Toy Problem: Detective Story Alignment

Suppose I train some simple unsupervised topic model (e.g. LDA) on a bunch of books. I look through the topics it learns, and find one corresponding to detective stories. The problem: I would like to use the identified detective-story cluster to generate detective stories from GPT.

The hard part: I would like to do this in such a way that the precision of the notion of detective-stories used by the final system is not limited by the original simple model.

Here’s what that means, visually. The space of real-world books has some clusters in it:

One of those clusters is the detective-story cluster. The simple model approximates those clusters using something simple—for the sake of visualization, ellipses:

The more complex model (e.g. GPT) presumably has a much more precise approximation of the shape of the clusters:

So, we’d like to use the simple model to identify one of the clusters, but then still use the full power of the complex model to sample from that cluster.

Of course, GPT may not contain a single variable corresponding to a cluster-id, which is largely what makes the problem interesting. GPT may not internally use a notion of “cluster” at all. However, the GPT model should still contain something (approximately) isomorphic to the original cluster, since that real pattern is still in the data/​environment: since there is a real cluster of “detective stories” in the data/​environment itself, the GPT model should also contain that cluster, to the extent that the GPT model matches the data/​environment.

In particular, the “precision not limited by original model” requirement rules out the obvious strategy of generating random samples from GPT and selecting those which the simple model labels as detective-stories. If we do that, then we’ll end up with some non-detective-stories in the output, because of shortcomings in the simple model’s notion of detective-stories. Visually, we’d be filtering based on the ellipse approximation of the cluster, which is exactly what we want to avoid.

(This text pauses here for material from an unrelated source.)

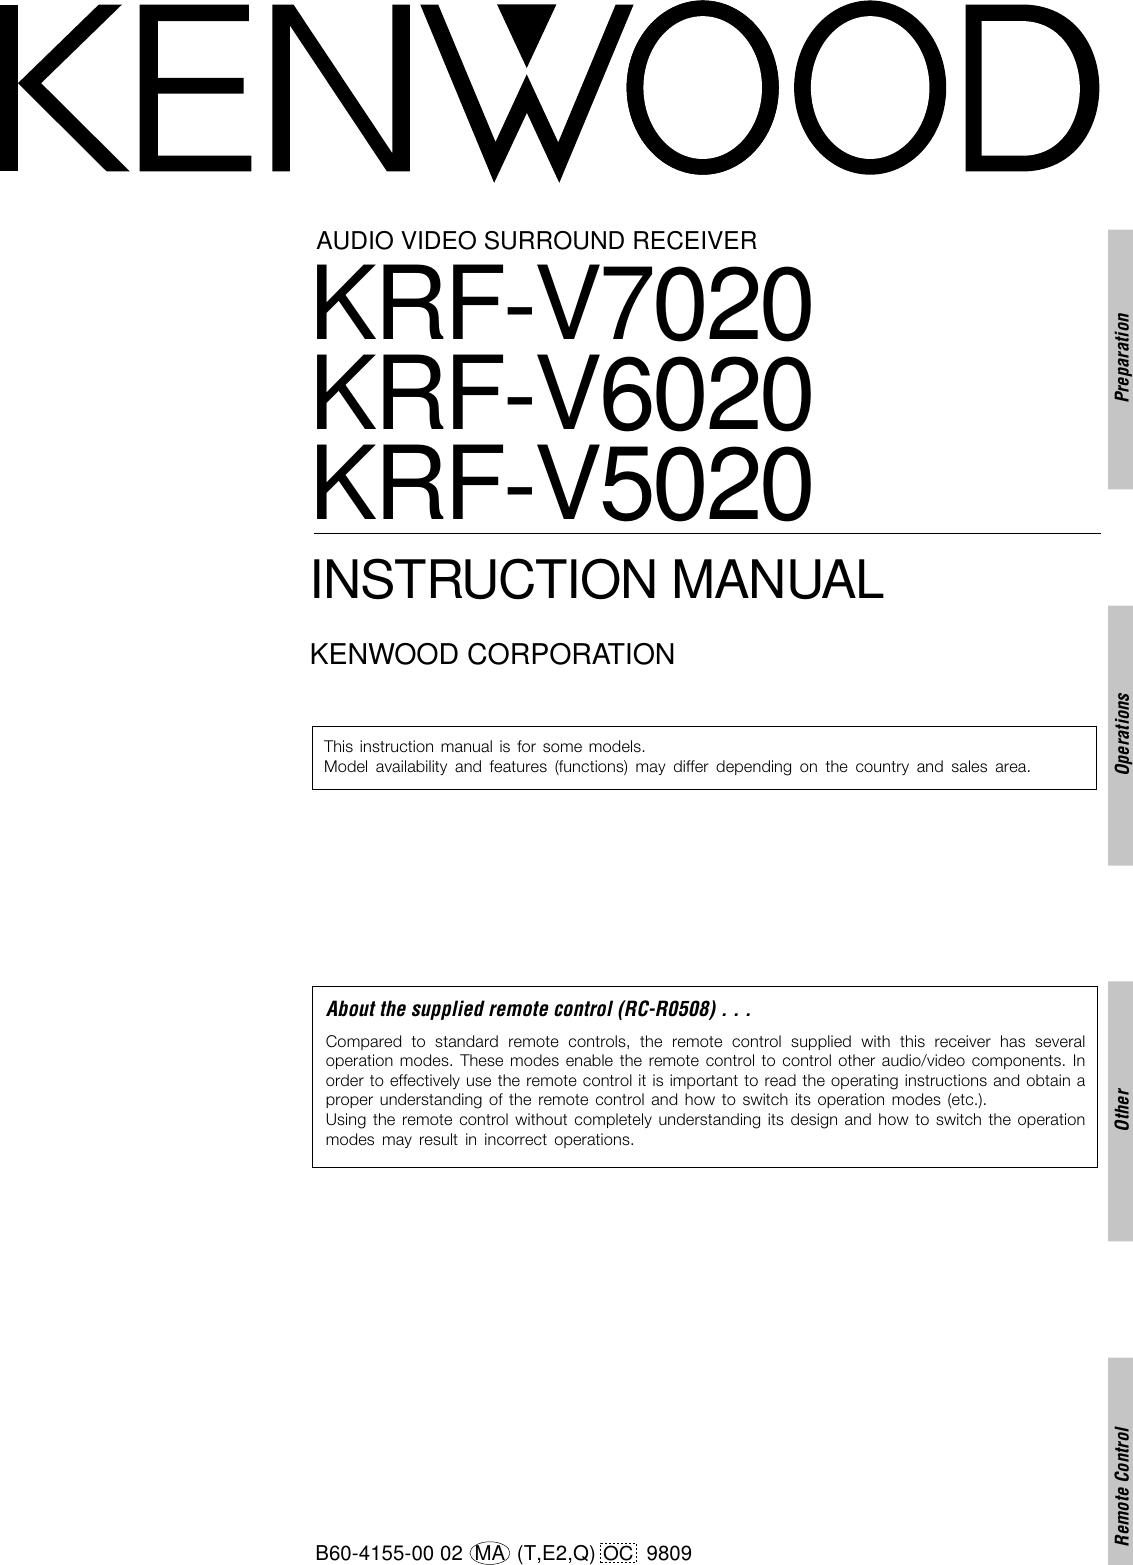 kenwood surround sound vr 60rs wiring diagram wiring diagramkenwood surround  sound vr 60rs wiring diagram best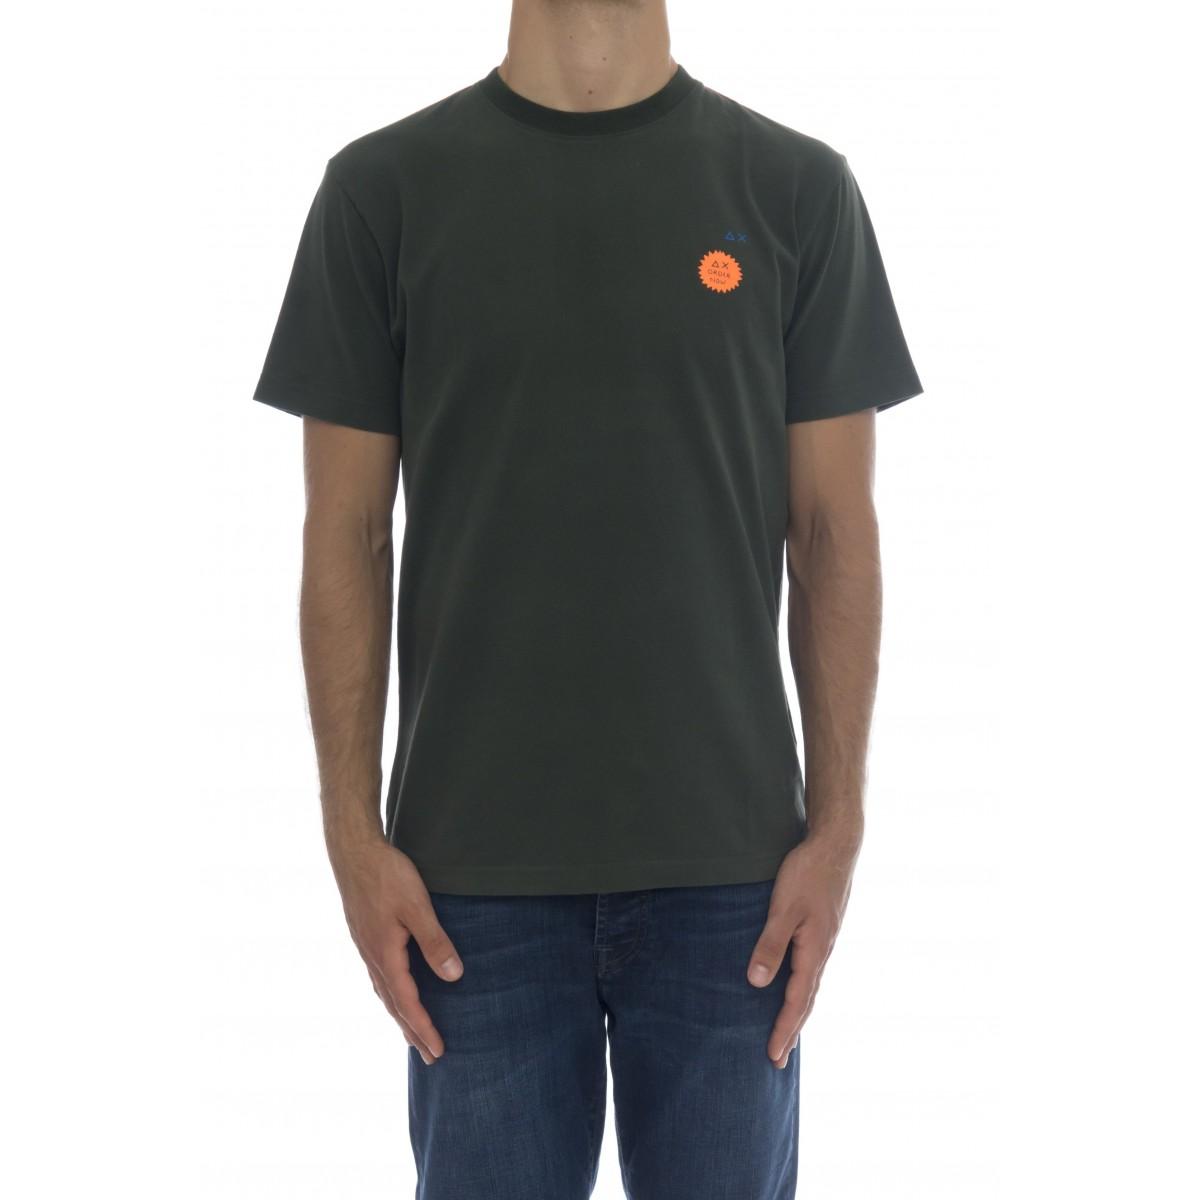 T-shirt - Cpt40121 t-shirt

(Note: I am intentionally not giving a full mathematical formalization of the problem. Figuring out the right formalization is part of the problem—arguably the hard part.)

Why Is This Interesting?

This is a toy model for problems like:

  • Representing stable pointers to values

  • Producing an aligned successor AI from an aligned initial AI

  • Producing an AI which can improve its notion of human values over time

Human values are conceptually tricky, so rather than aligning to human values, this toy problem aligns to detective novels. The toy problem involves things like:

  • Representing stable pointers to the concept of detective-stories

  • Producing a successor detective-story-model from an initial detective-story-model

  • Producing a model which can improve its notion of “detective-stories” over time

Ideally, a solution to this problem would allow us to build a detective-story-generator with a basin of attraction: given a good-enough initial notion of detective-stories, its notion of detective-stories would improve over time and eventually converge to the “real” notion. Likewise with human values: ideally, we could build a system which converges to “perfect” alignment over time as its world-model improves, as long as the initial notion of human values is good enough.